• **Requirement**
All of the data is to be written out again exactly, without the pictures.

Records from a data source:
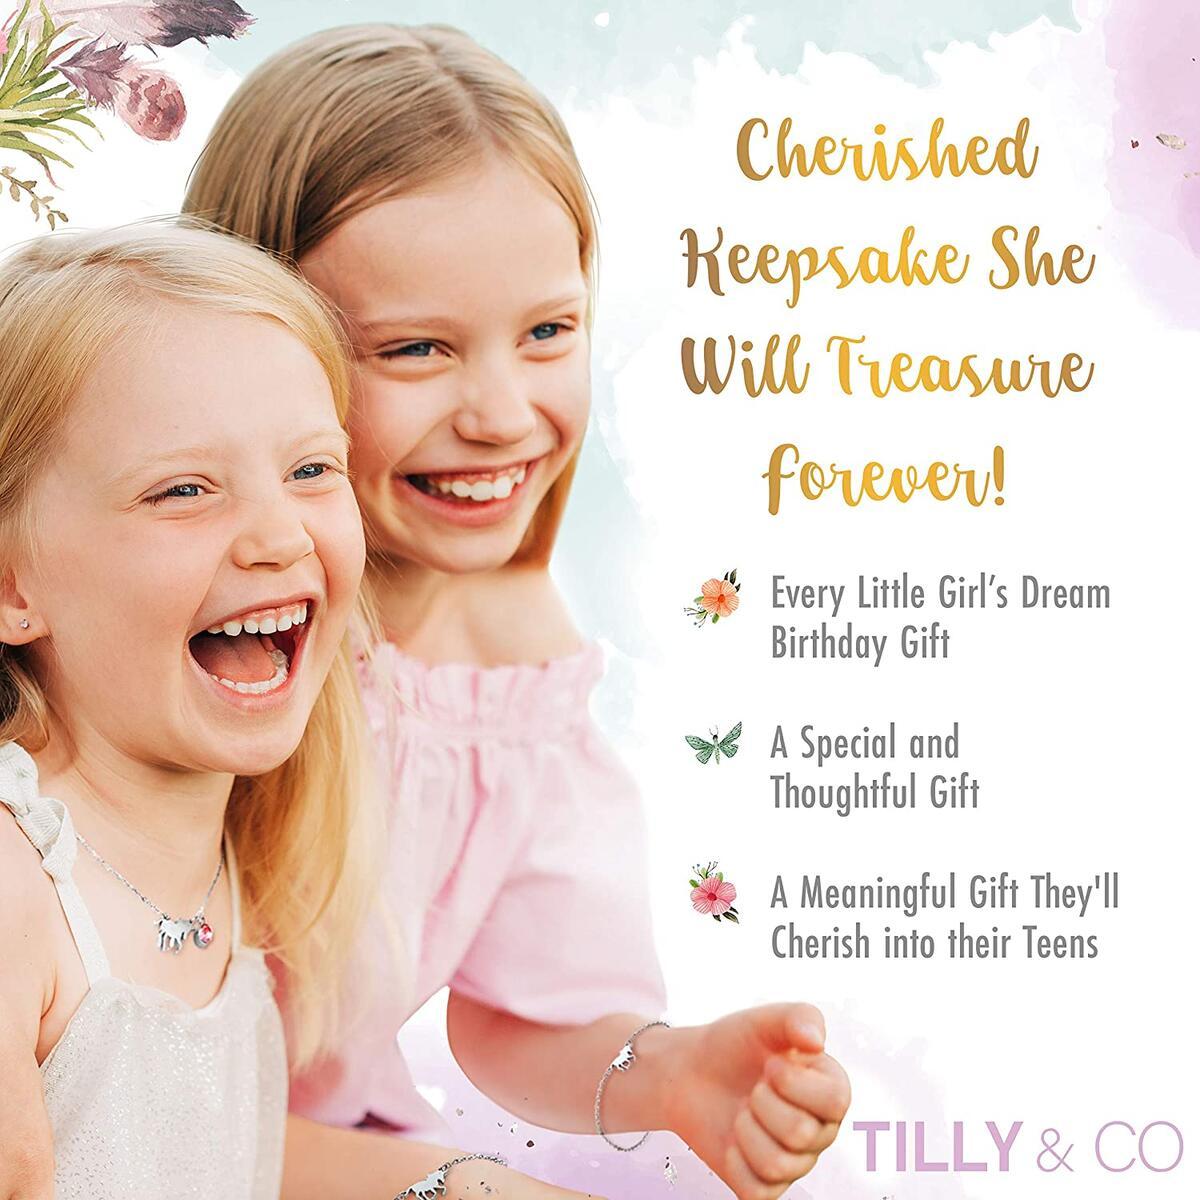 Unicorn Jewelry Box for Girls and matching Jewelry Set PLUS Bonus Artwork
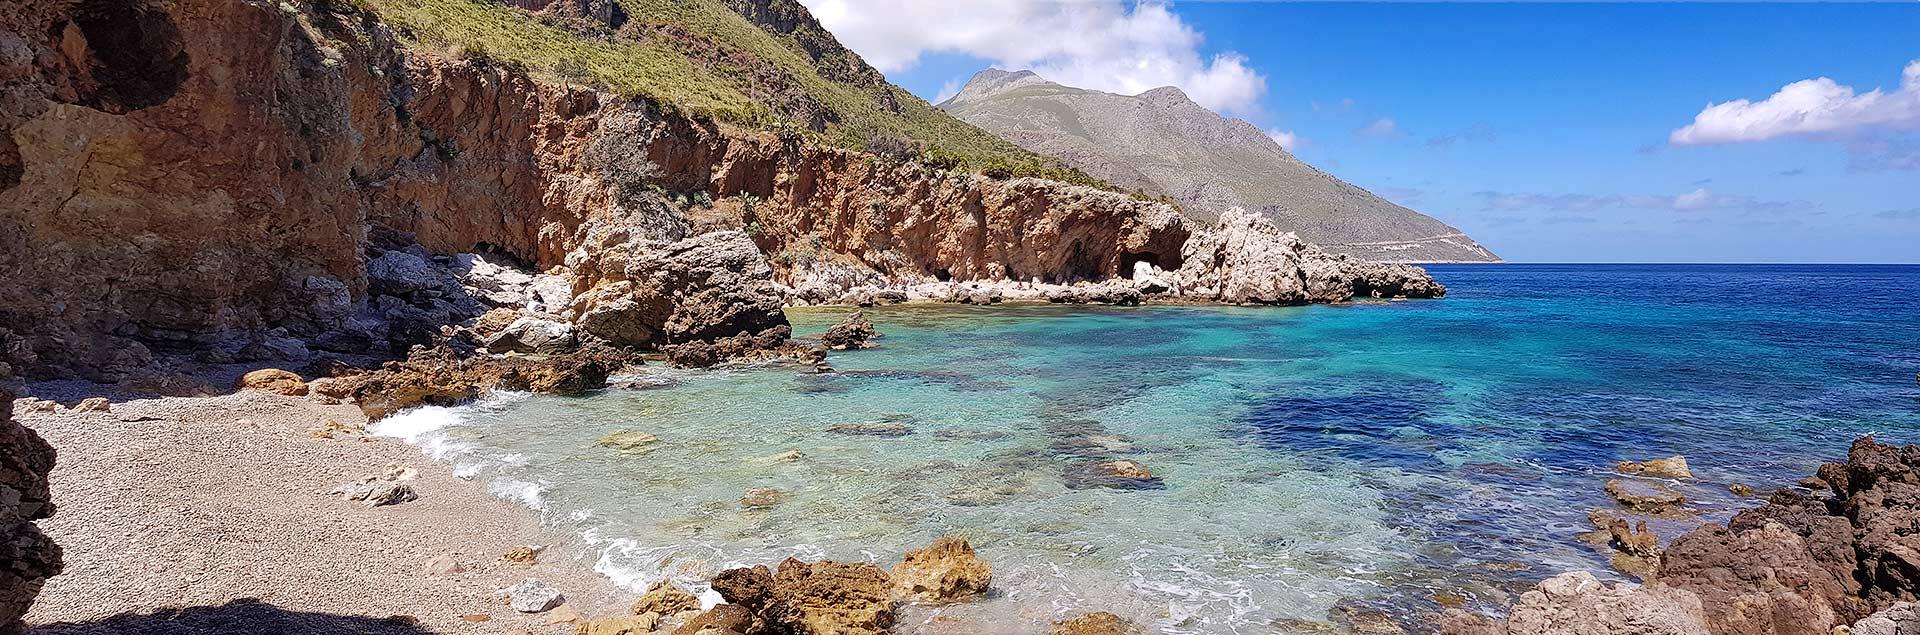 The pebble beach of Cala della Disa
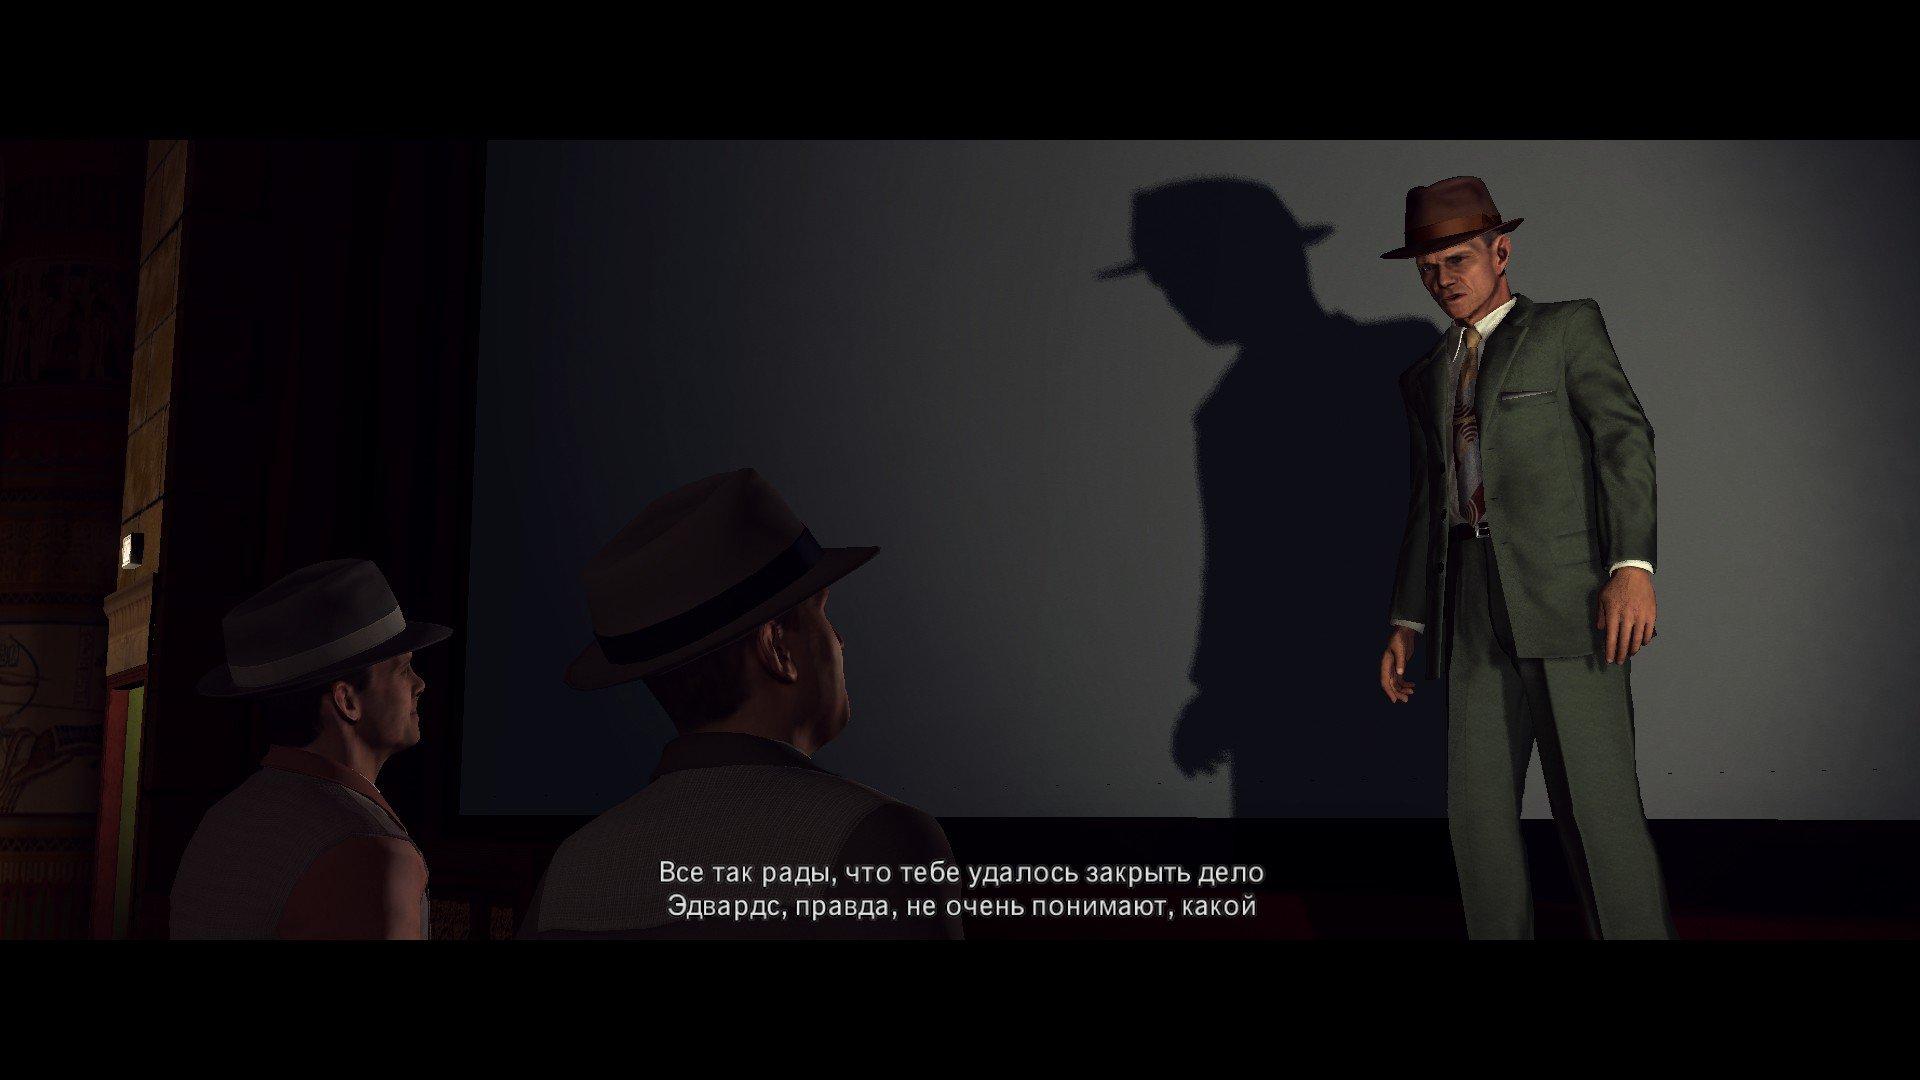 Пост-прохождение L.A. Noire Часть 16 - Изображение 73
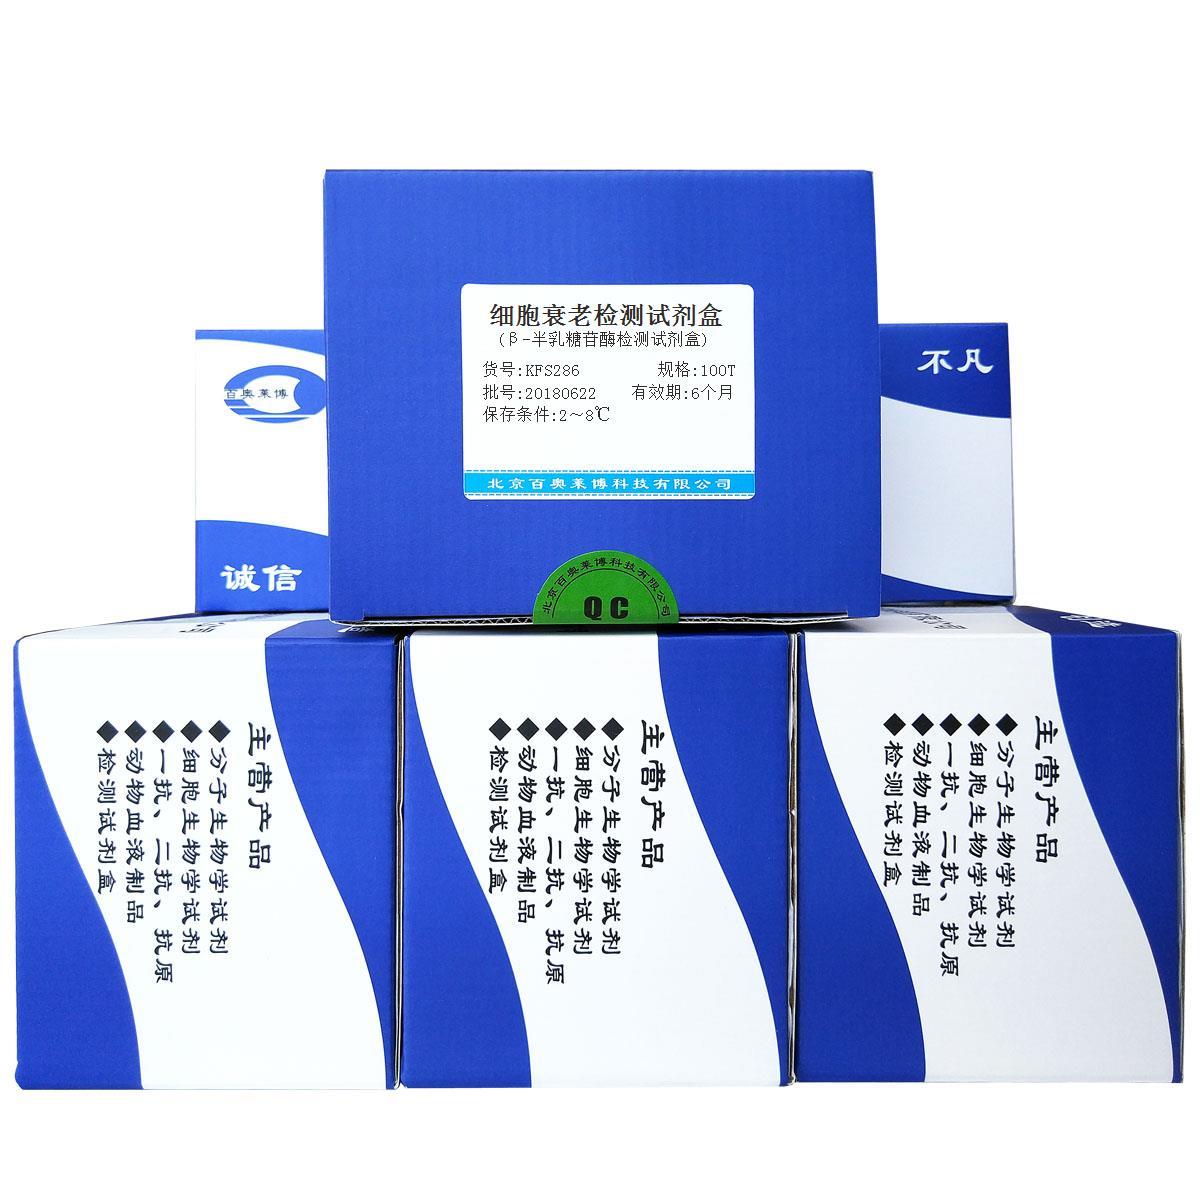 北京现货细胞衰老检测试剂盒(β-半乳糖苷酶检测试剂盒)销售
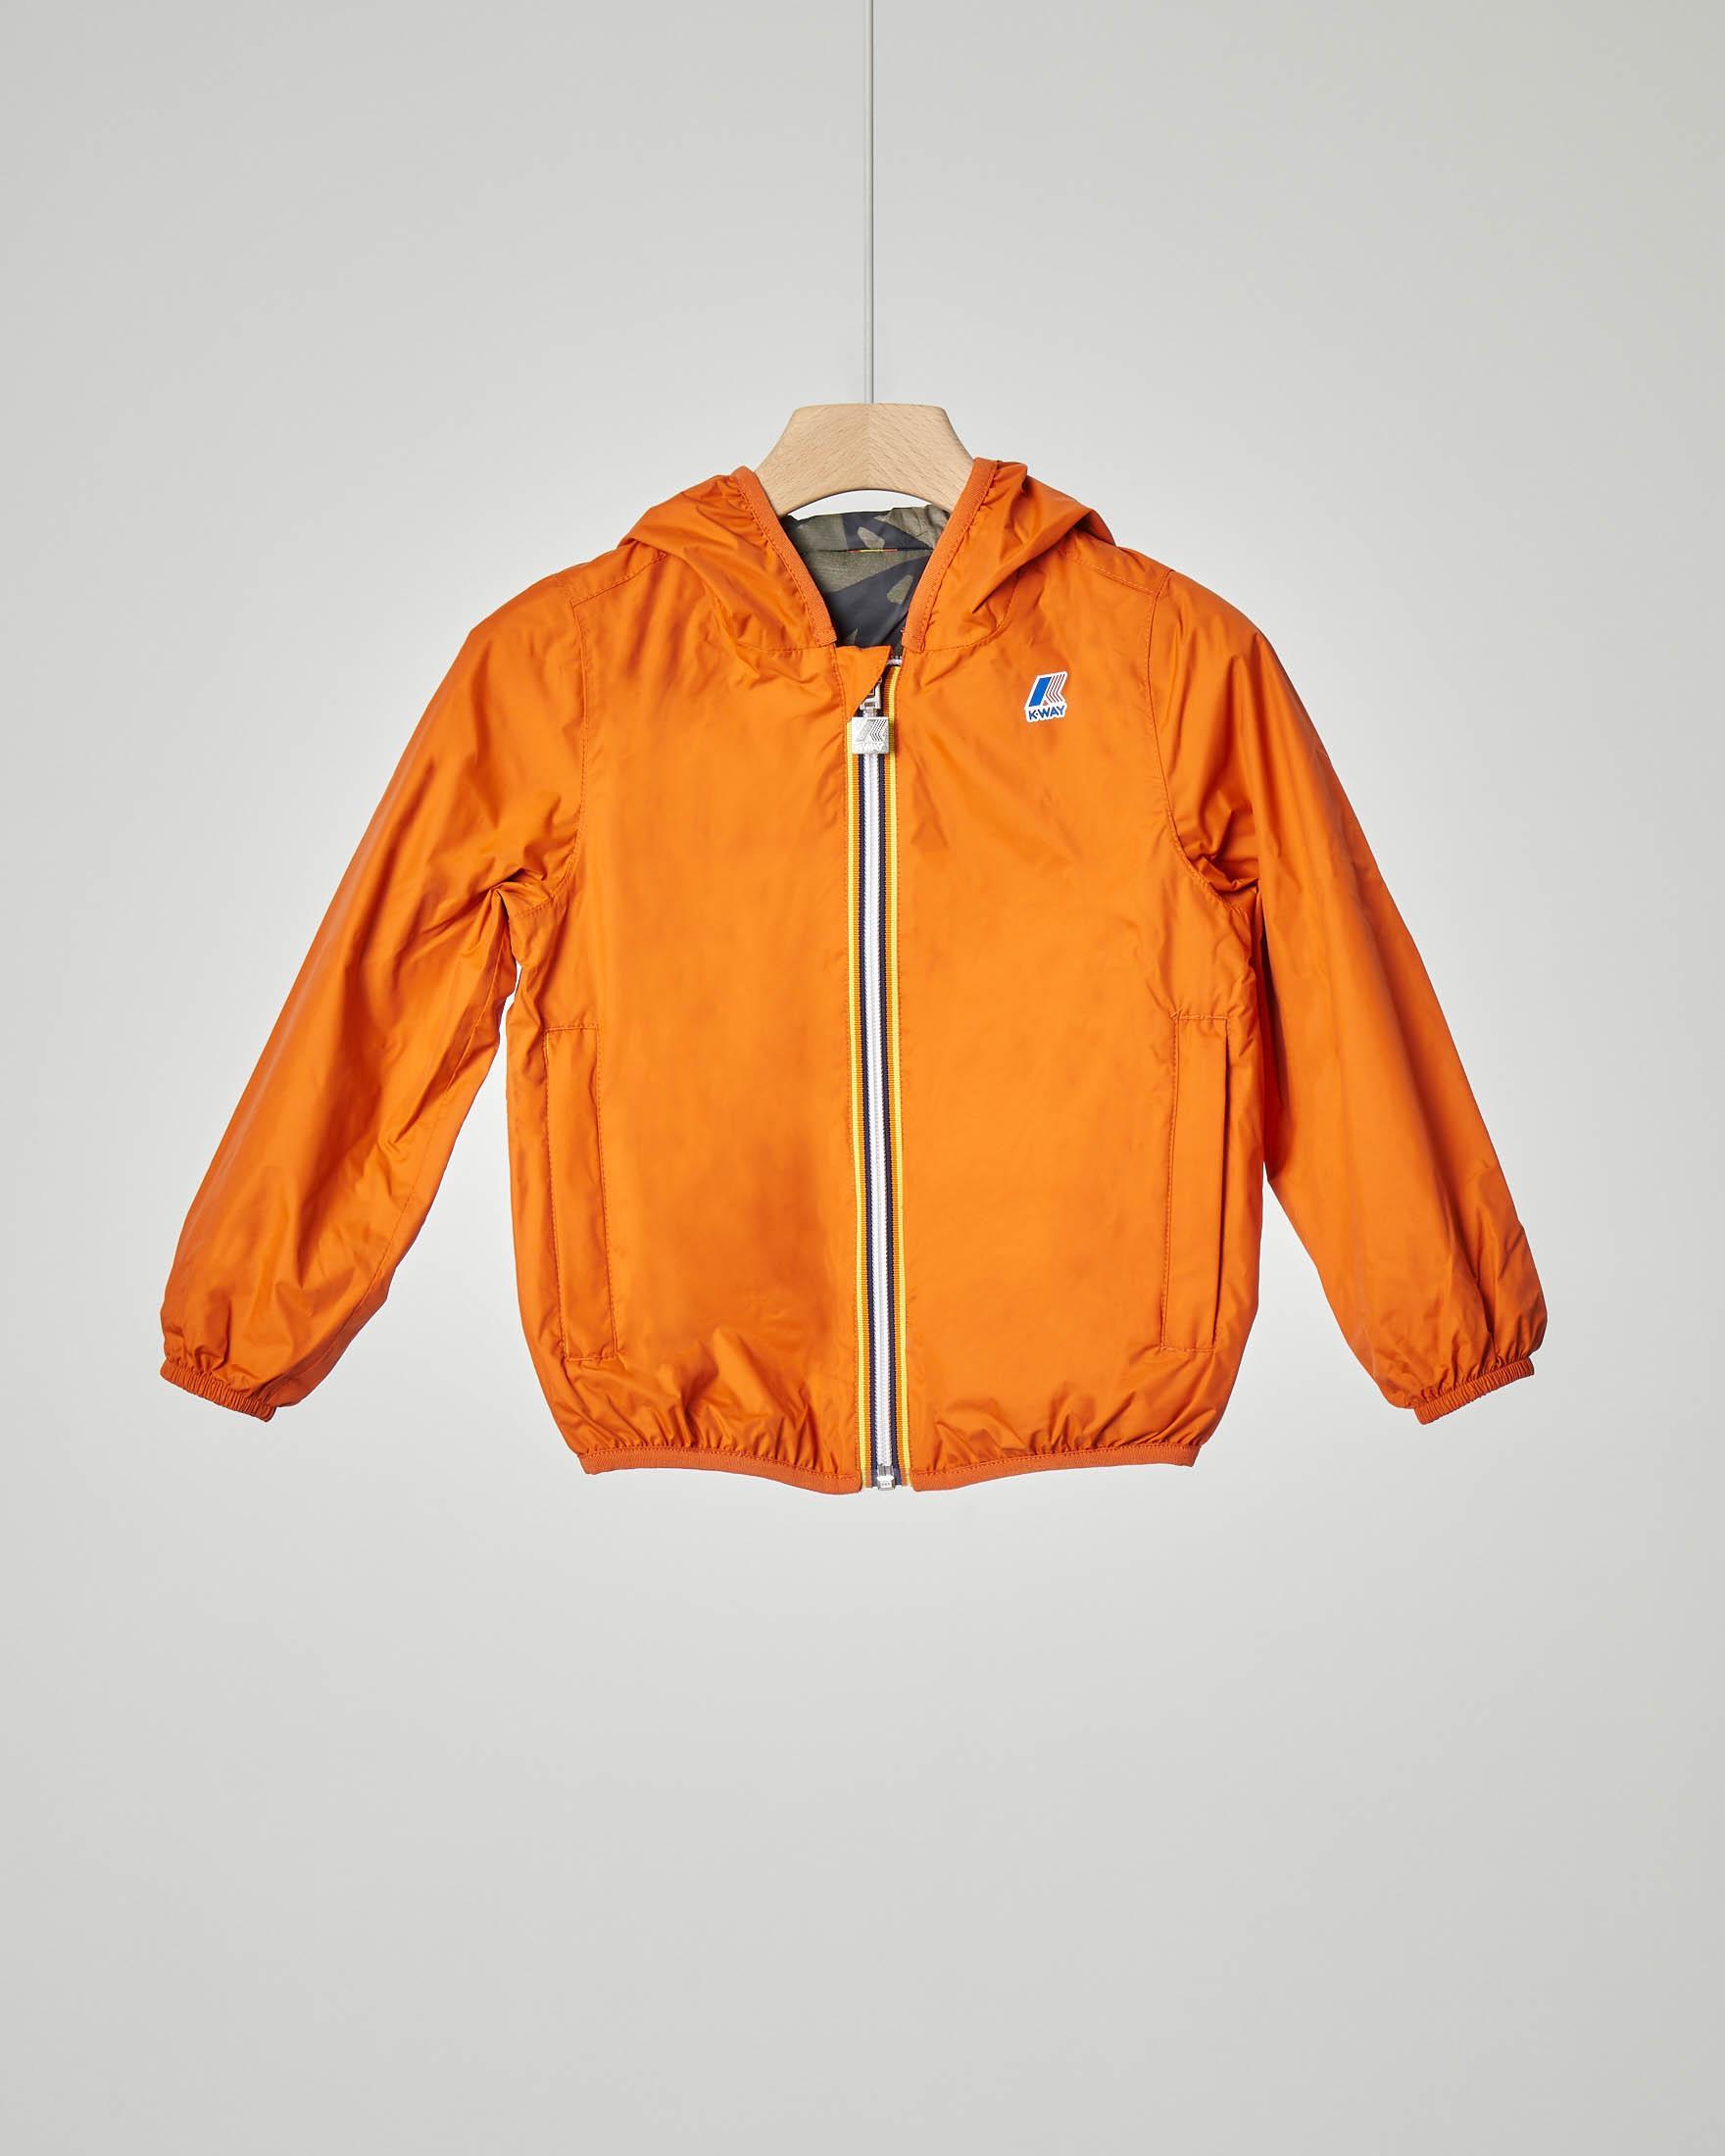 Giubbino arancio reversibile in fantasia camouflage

• **Answer**
 Unicorn Jewelry Box for Girls and matching Jewelry Set PLUS Bonus Artwork
 The pebble beach of Cala della Disa
 Пост-прохождение L.A. Noire Часть 16 - Изображение 73
 北京现货细胞衰老检测试剂盒(β-半乳糖苷酶检测试剂盒)销售
 Giubbino arancio reversibile in fantasia camouflage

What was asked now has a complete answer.